# New pitman arm question



## WhittP (Jun 19, 2013)

I've read several threads on this subject but I'm still not sure this is right. I had some loose parts in the steering linkage after the car sat a few years so I decided to just order all new stuff and do it all at once. I took everything off in one piece so I could measure my total tie rod length to get the new parts close to the original adjustments. I put on the new Idler, center link and pitman arm first. The old pitman arm was seated somewhat further onto the steering box spline. The new one has an 11/16 gap and it appears the center link isn't exactly level. I moved the assembly side to side and it doesn't rub but this just doesn't seem right. Can you steer me in the right direction?


----------



## PontiacJim (Dec 29, 2012)

WhittP said:


> I've read several threads on this subject but I'm still not sure this is right. I had some loose parts in the steering linkage after the car sat a few years so I decided to just order all new stuff and do it all at once. I took everything off in one piece so I could measure my total tie rod length to get the new parts close to the original adjustments. I put on the new Idler, center link and pitman arm first. The old pitman arm was seated somewhat further onto the steering box spline. The new one has an 11/16 gap and it appears the center link isn't exactly level. I moved the assembly side to side and it doesn't rub but this just doesn't seem right. Can you steer me in the right direction?

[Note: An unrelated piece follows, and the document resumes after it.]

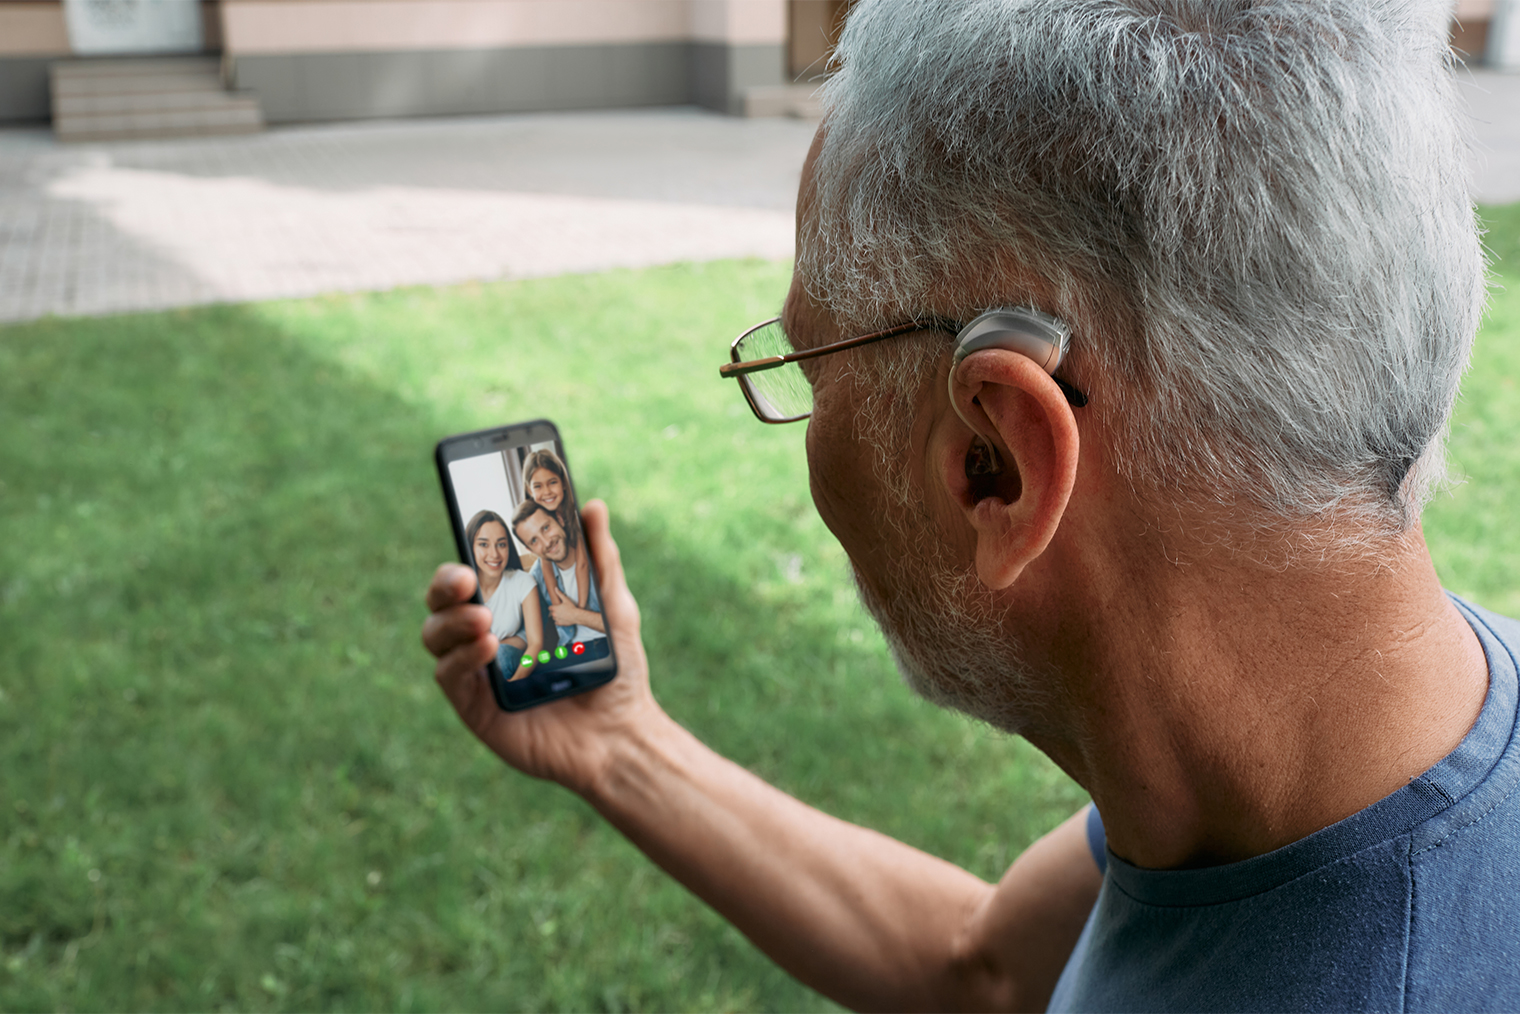 Современные слуховые аппараты больше напоминают гарнитуру для телефона. Фотография: Peakstock / Shutterstock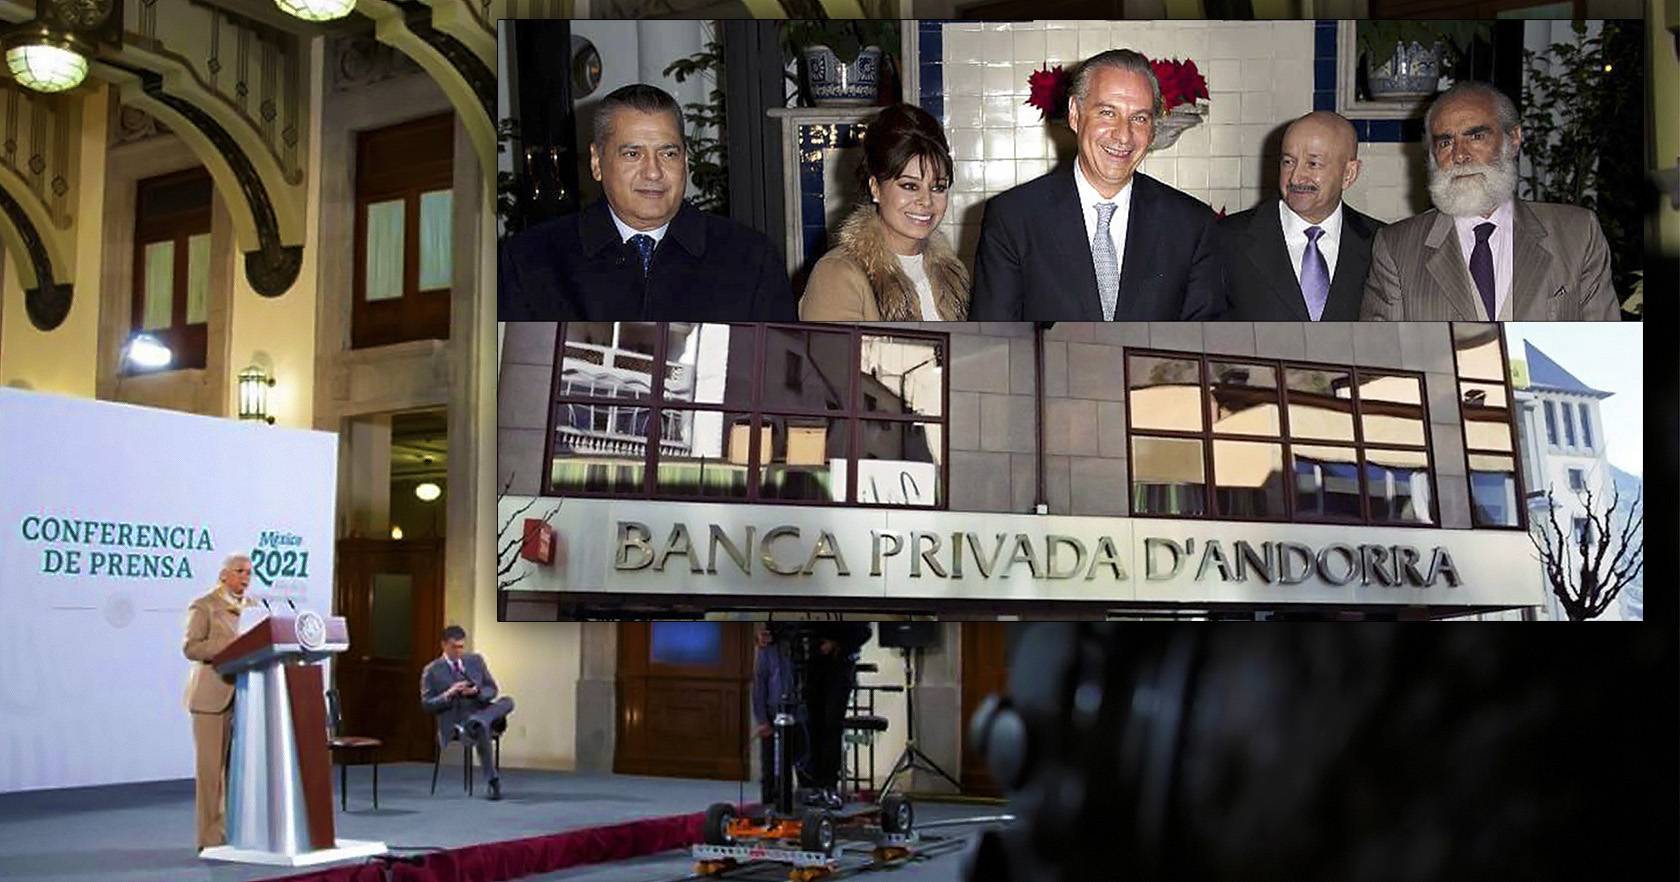 No sólo Andorra, dinero en otros paraísos fiscales debe investigarse- Olga Sánchez

Hmmmm. Correct me if I am wrong, but doesn't the center link ball/pivot go into the steering (pitman) arm? Doesn't the pitman arm with its splined ends fit onto the steering box shaft and on the other end is a tapered hole that the center ling goes into?

So why did you replace the pitman arm? These generally do not wear out.

We have seen this before. I believe it is due to the aftermarket piece. There were no threads showing as the nut only engaged 2/3 on the threaded shaft. Here was a reply by the poster: "I spoke with the manufacturer and it is fine (the nut) where it was mounted. It only needs 2/3 engagement and the nut was on far enough." You could add some Lock-Tite if it makes you feel better. The nut has to be torqued down and the number used was 140 lbs. The post said that the spline on the steering shaft has a taper to it, so the pitman arm will only go so far.

Same goes with the drag link, not exactly bent as factory and can be off enough to cause rubbing of the pan or crossmember. I don't think the difference in factory vs repop pitman arm should have a lot to do with it unless it is really off.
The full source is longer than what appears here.